TASK OBJECTIVE. Reproduce word for word every line from the one containing "CORDOBA, SPAIN - SEPTEMBER" to the final line of the data below; omit the pictures.

GIVEN MATERIAL.
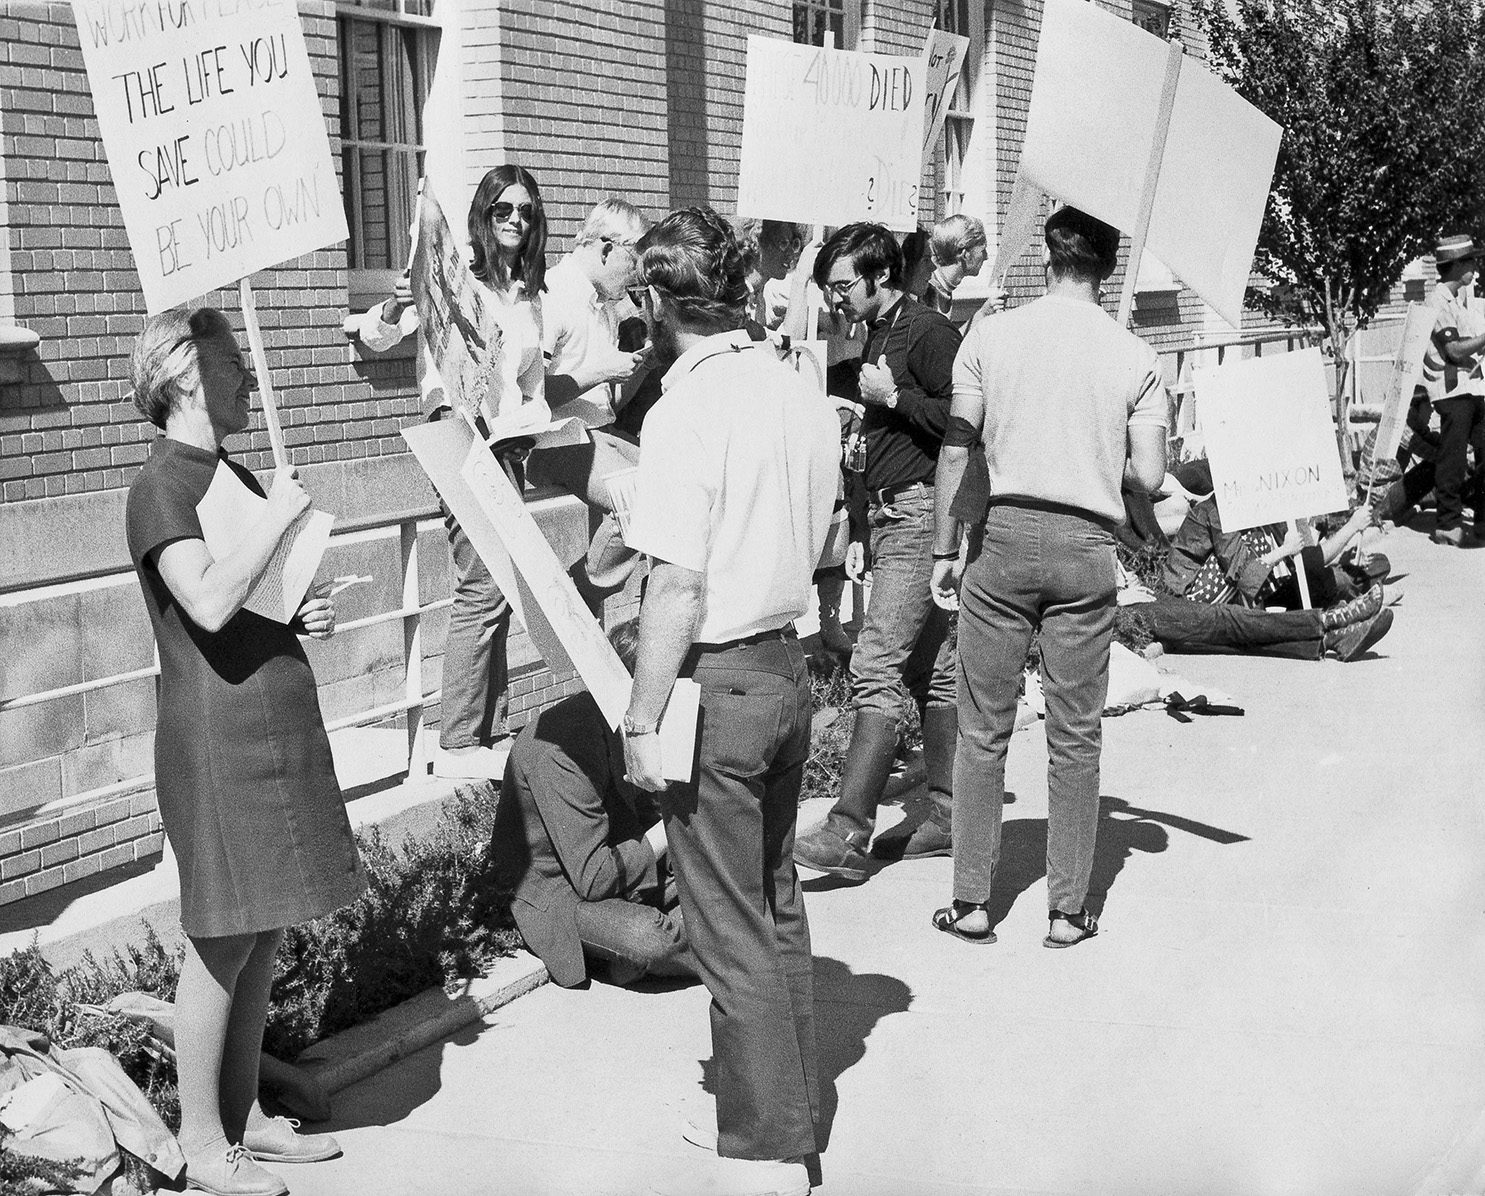 Anti-war protestors
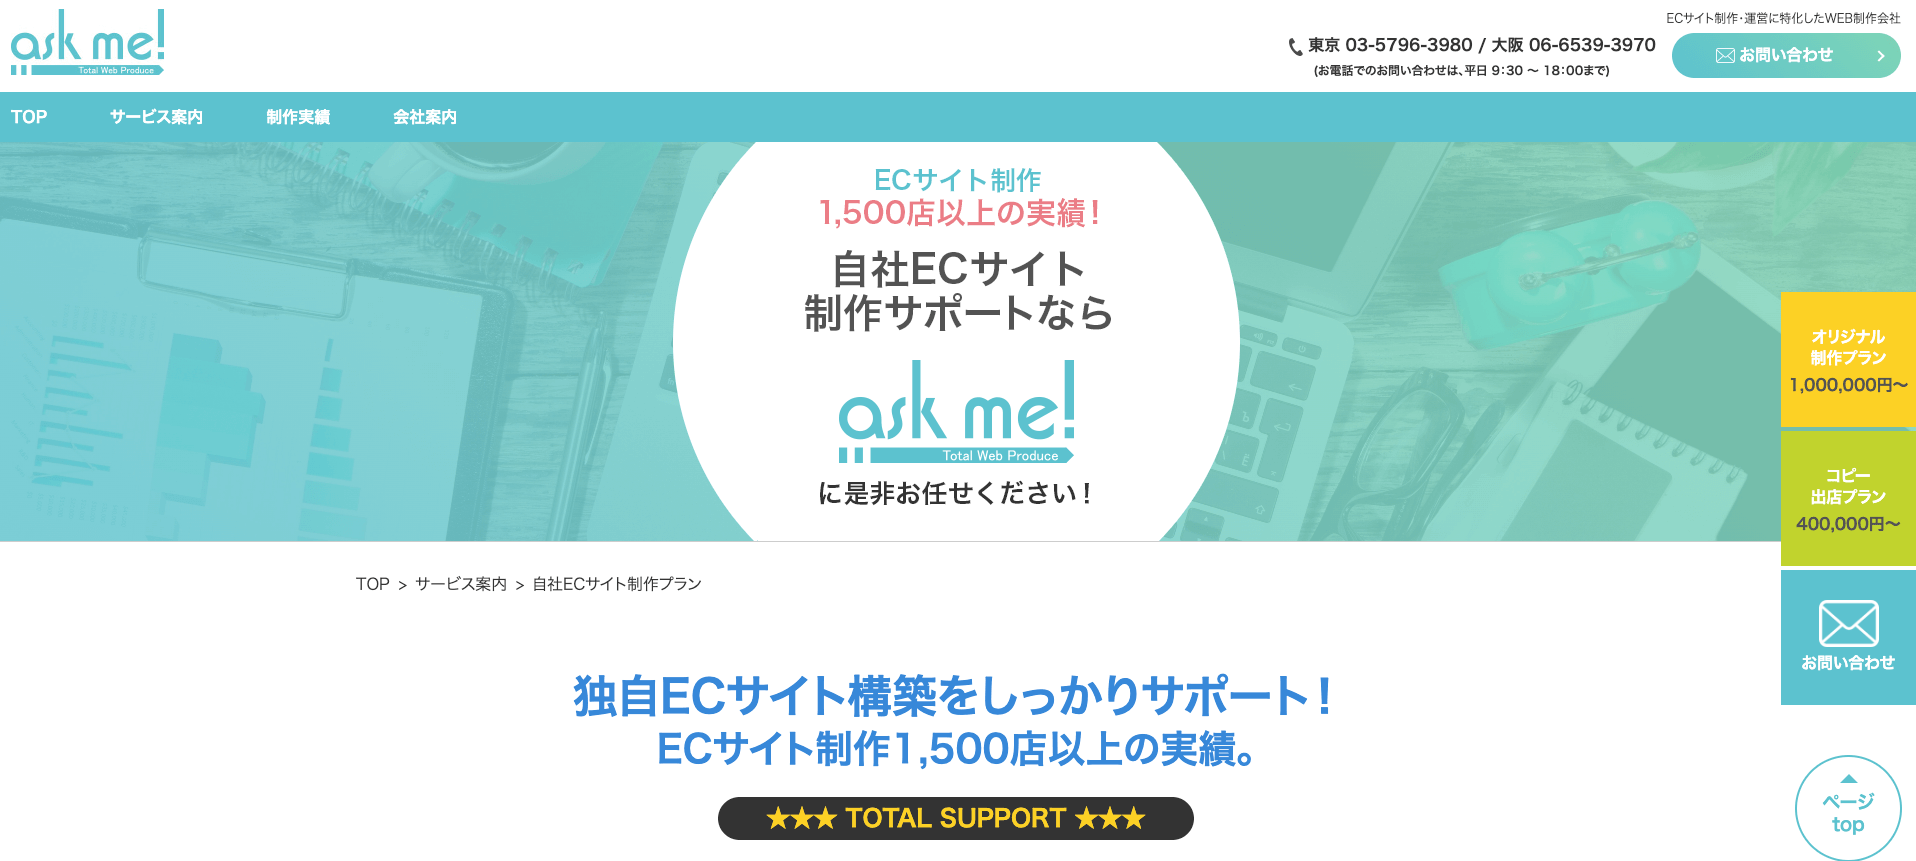 ask me!の公式サイト
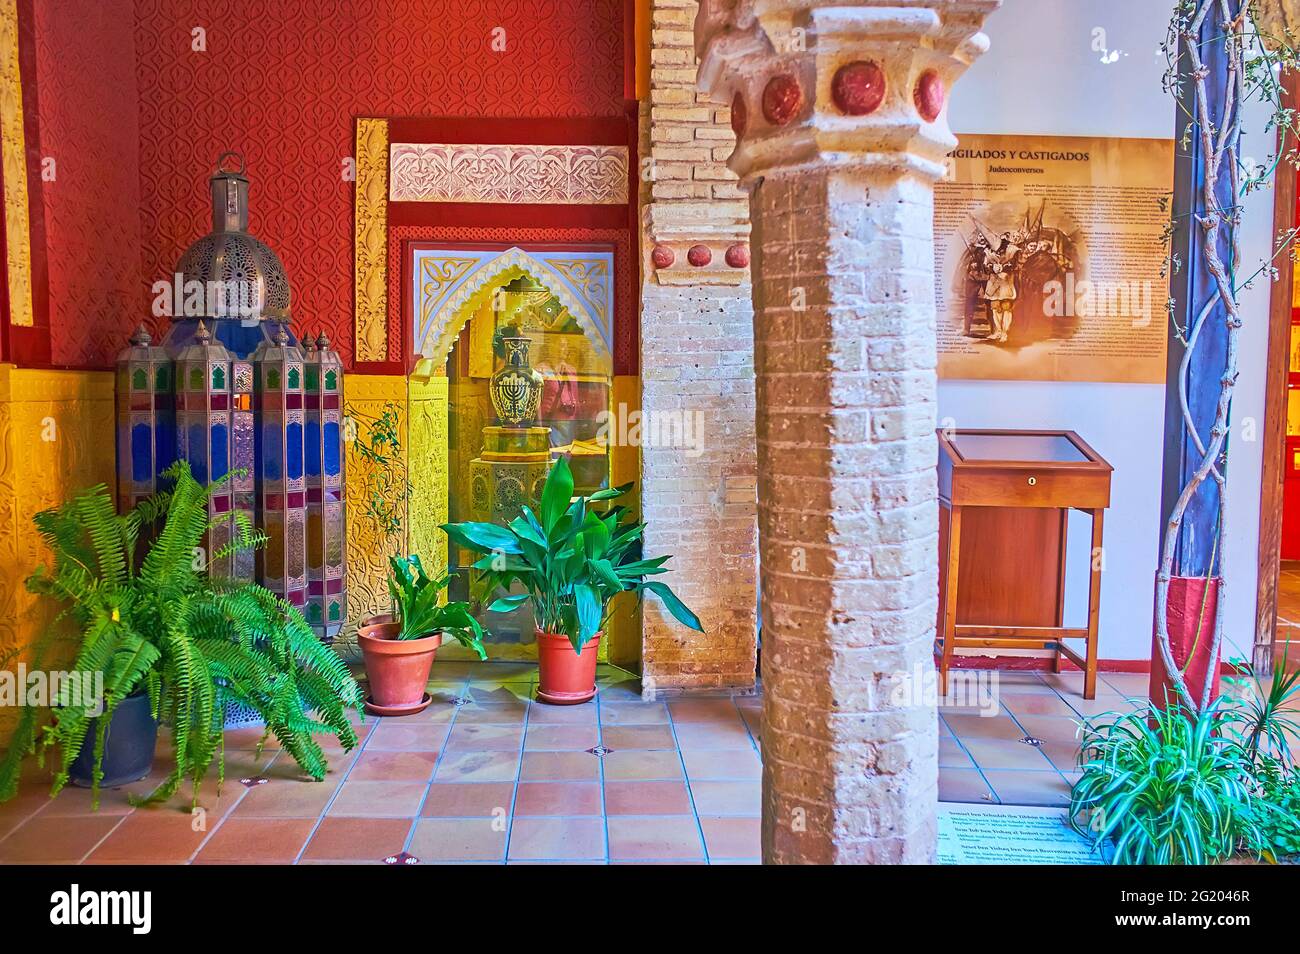 CORDOBA, SPAIN - SEPTEMBER 30, 2019: The richly decorated walls, old brick columns and plants in pots in Casa de Sefarad, Juderia (Jewish Quarter), on Stock Photo
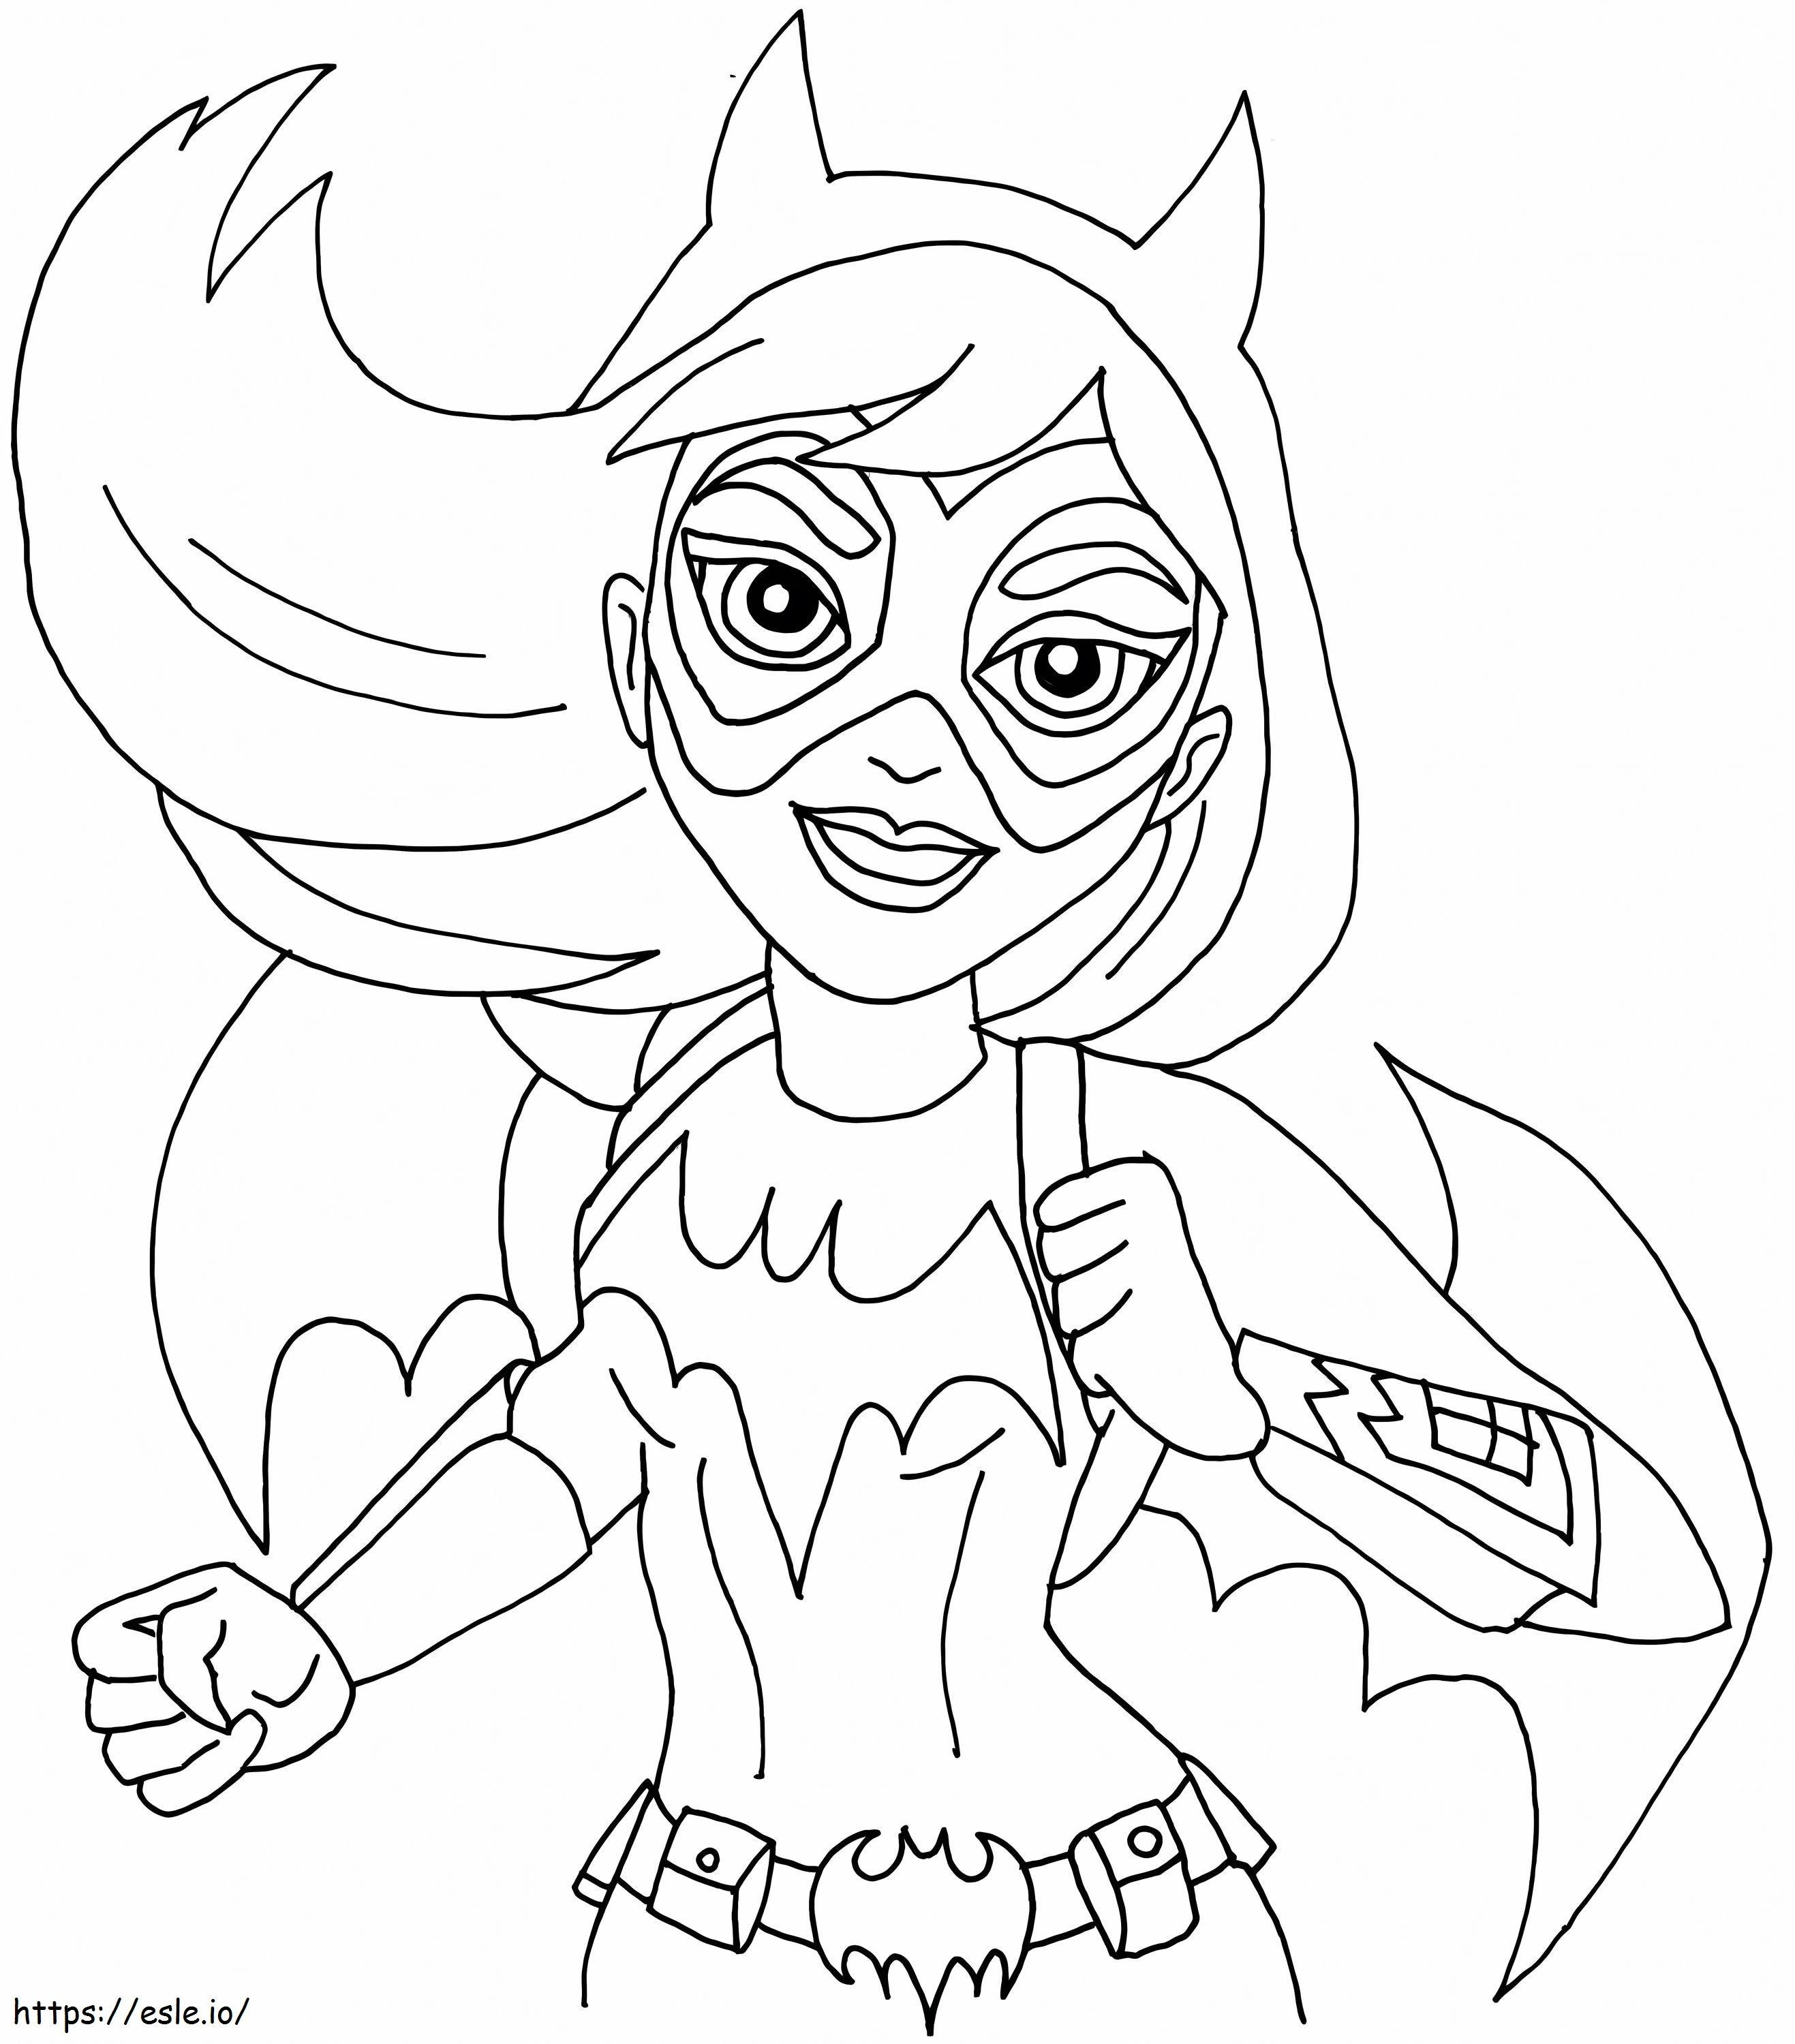 Coloriage Visage de Batgirl à imprimer dessin

RESULT BELOW.
 CORDOBA, SPAIN - SEPTEMBER 30, 2019: The richly decorated walls, old brick columns and plants in pots in Casa de Sefarad, Juderia (Jewish Quarter), on Stock Photo
 Coloriage Visage de Batgirl à imprimer dessin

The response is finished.